A NECESSARY DIGRESSION

A few pages back I asserted that an individual who works hard under institutions of private property gets most of the benefit. This is directly contrary to socialist ideas about exploitation, which I discuss in Chapter 8. It also contradicts the common belief that when an individual becomes more productive, most of the benefit goes to others. This belief is behind much of the public support for state-supported schooling, government subsidies to individual firms, and the like. It would require a fair-sized economics text to deal thoroughly with this question (I suggest several in Appendices I and II), but a careful examination of a single example may make it easier for the reader to think out the logic of other examples for himself.

Suppose there are one hundred physicians, each charging $10 for a visit. At that price the number of visits patients wish to make to doctors is the same as the number the doctors wish to have made. If that were not the case — if, for instance, there were people willing to pay $10 for a visit but the doctors were booked up — the price would change. Doctors would be able to raise their prices and still keep their appointment books filled. At a higher price, some customers would decide to visit doctors less often. The demand for medical services would fall with rising price until it was equal to the amount of service the doctors were willing to supply at that price.

I decide to become the hundred and first physician. The total supply of medical services is increased. The price at which supply equals demand falls; doctors get only $9.90 per visit.

Have I greatly benefited society in general? No. Consider the visits to doctors that would have occurred without me. For each of these, the patient is now ten cents richer but the doctor is ten cents poorer; on net, people are no better off. Consider the extra visits to doctors that people make because of the lower price. These people must have considered an extra visit to the doctor worth less than $10 or they would have made it at the old price. They must consider it worth more than $9.90 or they would not make it at the new price. Therefore the patients profit on the extra visits by between zero and ten cents per extra visit — the difference between what they pay for it and the value they place on it. But I, the new doctor providing the extra service, make $9.90 for each visit, thus getting most of the benefit from what I produce. In effect, I produce a service worth between $9.90 and $10 and sell it for $9.90.

If the total number of physicians were much larger than one hundred (as it is), the decrease in the price of a visit resulting from the addition of one more physician would be far lower. The closer this change is to zero, the nearer the new doctor comes to getting 100 percent of what he produces.

As this example suggests, the essential error in the idea that the benefit of one person’s productivity goes mainly to others is that it ignores the income the productive person gets. In a well-functioning private-property society, the amount for which a person can sell what he produces with his labor corresponds closely to the real value of that product to the people who consume it.

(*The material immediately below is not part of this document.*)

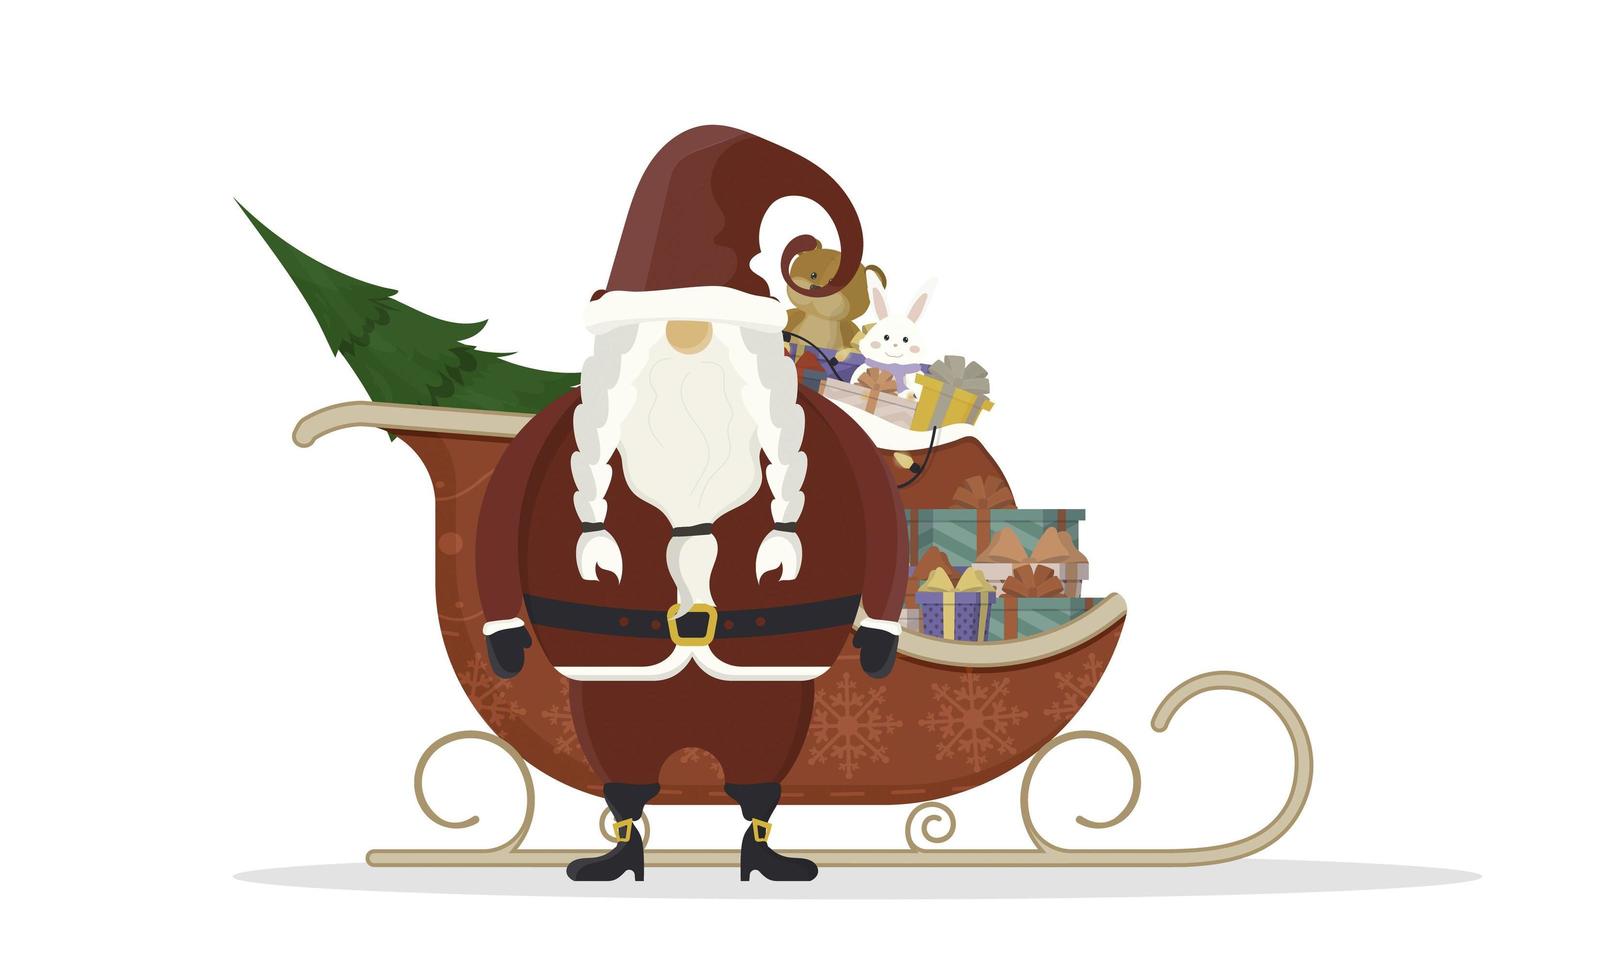 Kerstman met rode sleeën. sleeën, geschenken, nieuwjaar en kerstconcept. vectorillustratie geïsoleerd op een witte achtergrond. ontwerp in cartoonstijl. vector

This argument depends on my accepting what the patient is willing to pay as the true value to him of what he is getting, a principle that economists call ‘consumer sovereignty’. Suppose that I reject that principle. I believe that most people stupidly underestimate the importance of staying healthy and that a man who is only willing to pay $10 to visit the doctor is really getting something worth $20. I conclude that a doctor receives only half as much as he produces.

The argument works the other way as well. If I believe that sitting at a bar getting drunk is an idiotic way to spend an evening, I conclude that bartenders are paid far more than they are really worth. In both cases, my belief that someone produces more or less than he is paid comes from my refusal to accept the judgment of the person who uses the product as to the value of what he is getting. Naturally, the socialist or the bluenose always assumes that if the state decides what people should want, it will, since his values are right, decide his way.

No such argument can imply that everyone who produces is underpaid, for that would mean that people underestimate the value of everything. But each thing is valued in terms of other things; money is merely a convenient intermediary. If I think a visit to the doctor is worth only $10, I mean it is worth only as much as the other things I could buy with that amount. If I am undervaluing the doctor’s visit, I must be overvaluing the other things.